APPEARANCES & REPRESENTATION:

Applicant:

Self-represented

Respondent:

S Shepherd for the respondent

REASONS FOR DECISION

Some Background

  1. Two appeals brought by the appellant are being determined. At the hearing on 18 June 2024, I directed that the matters be heard and determined together. I have previously heard and determined numerous applications in these appeals. Much of the background to the appeals has been set out in the reasons I have given in disposing of those applications. For context though, I will set out some of those again.

  2. The appellant made two applications to the Metro North Hospital and Health Service (‘Health Service’) for access to documents from her medical records pursuant to the Information Privacy Act 2009. Her applications were determined and she was given access to most of the documents she applied for access to and only partial access to several other pages, with some parts of those pages being redacted. Dissatisfied with that outcome, the appellant applied to the Information Commissioner for external review of the Health Service’s primary decisions. Upon completion of the external reviews, the Information Commissioner affirmed the primary decisions of the Health Service.

  3. The appellant appealed to this Tribunal against both decisions of the Information Commissioner as is her right pursuant to s 132(1) of the Information Privacy Act 2009 (Qld) (‘IP Act’). As can be seen from this Tribunal’s numbering of these Appeals, one was commenced in 2020 and one was commenced in 2021. For various reasons that are not necessary to go into now while disposing of the appeals, the two matters were ultimately listed for hearing on two separate days in June this year. At the commencement of the hearing of the first one on 18 June 2024, the appellant told the Tribunal that she was content for both appeals to be heard on that day. The representative of the respondent agreed with that course being adopted by the Tribunal.

The Tribunal’s Jurisdiction on Appeal

  1. Pursuant to s 132(2) of the IP Act this Tribunal’s jurisdiction on these appeals is to determine questions of law only.

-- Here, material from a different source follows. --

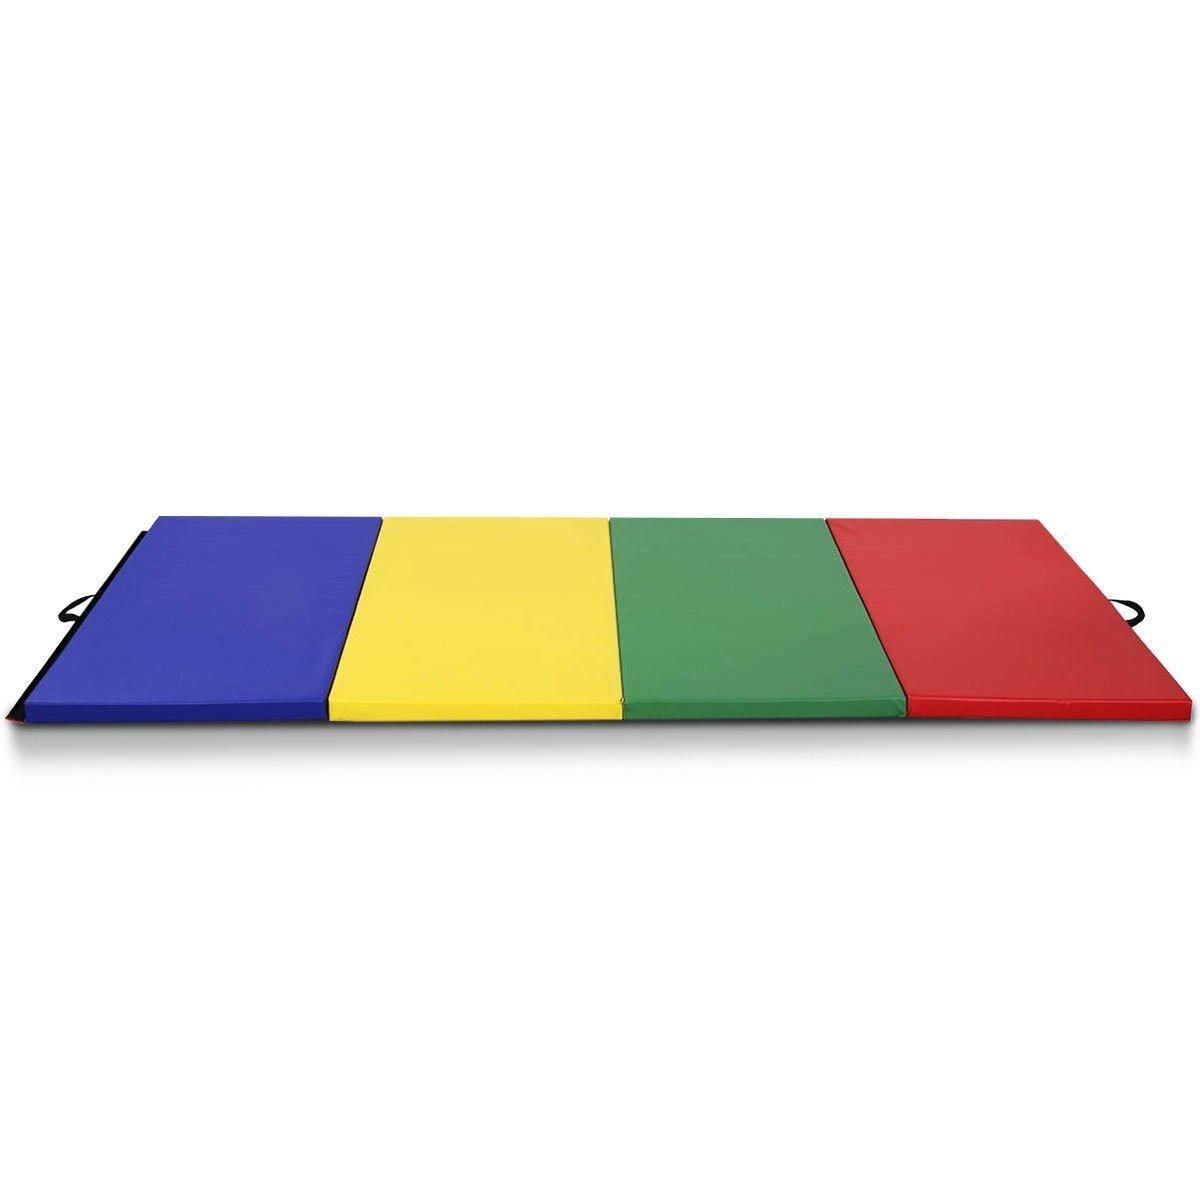 Dayanaprincess 4フィート x 8フィート x 2インチ 4色 折りたたみパネル 体操マット マルチカラー フォーム 折りたたみ式 ワークアウト フィットネス フローリング タムリング ヨガ 屋内ジッパー
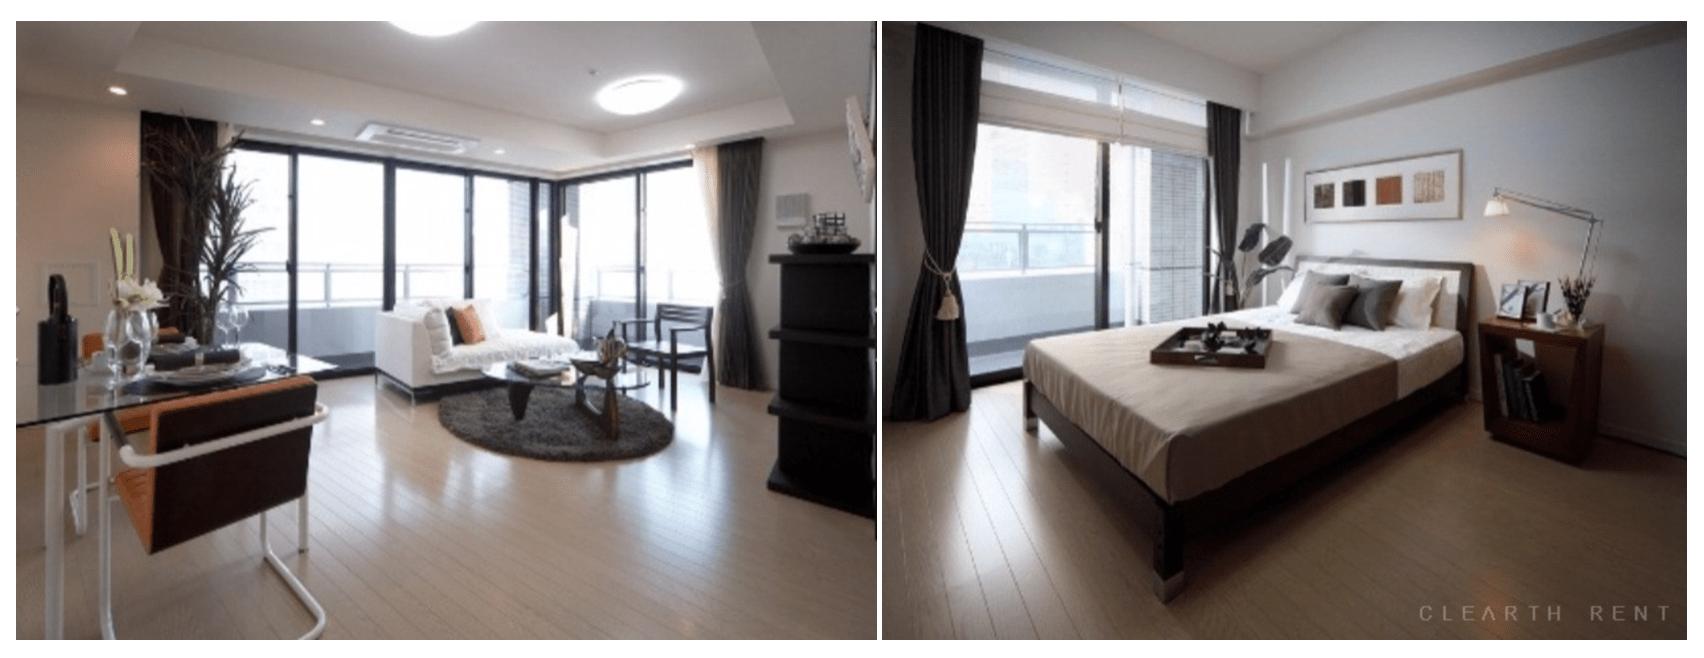 コンシェリア西新宿の室内イメージ

Just as Judicial Member McGill SC said in O’Connor  v Department of Child Safety, Seniors and Disability Services [2024] QCATA 34 at [11] there is no jurisdiction to conduct any form of merits review. In order to have this Tribunal make any change to the decisions of the Information Commissioner, the appellant must show that the decisions of the Commissioner involved an error of law, which affected, or could have affected, the decisions.

The Appellant’s Submissions

  1. The appellant filed written submissions and made oral submissions on the day of the hearing. In those submissions, the appellant acknowledged the requirement to demonstrate error of law by the Commissioner.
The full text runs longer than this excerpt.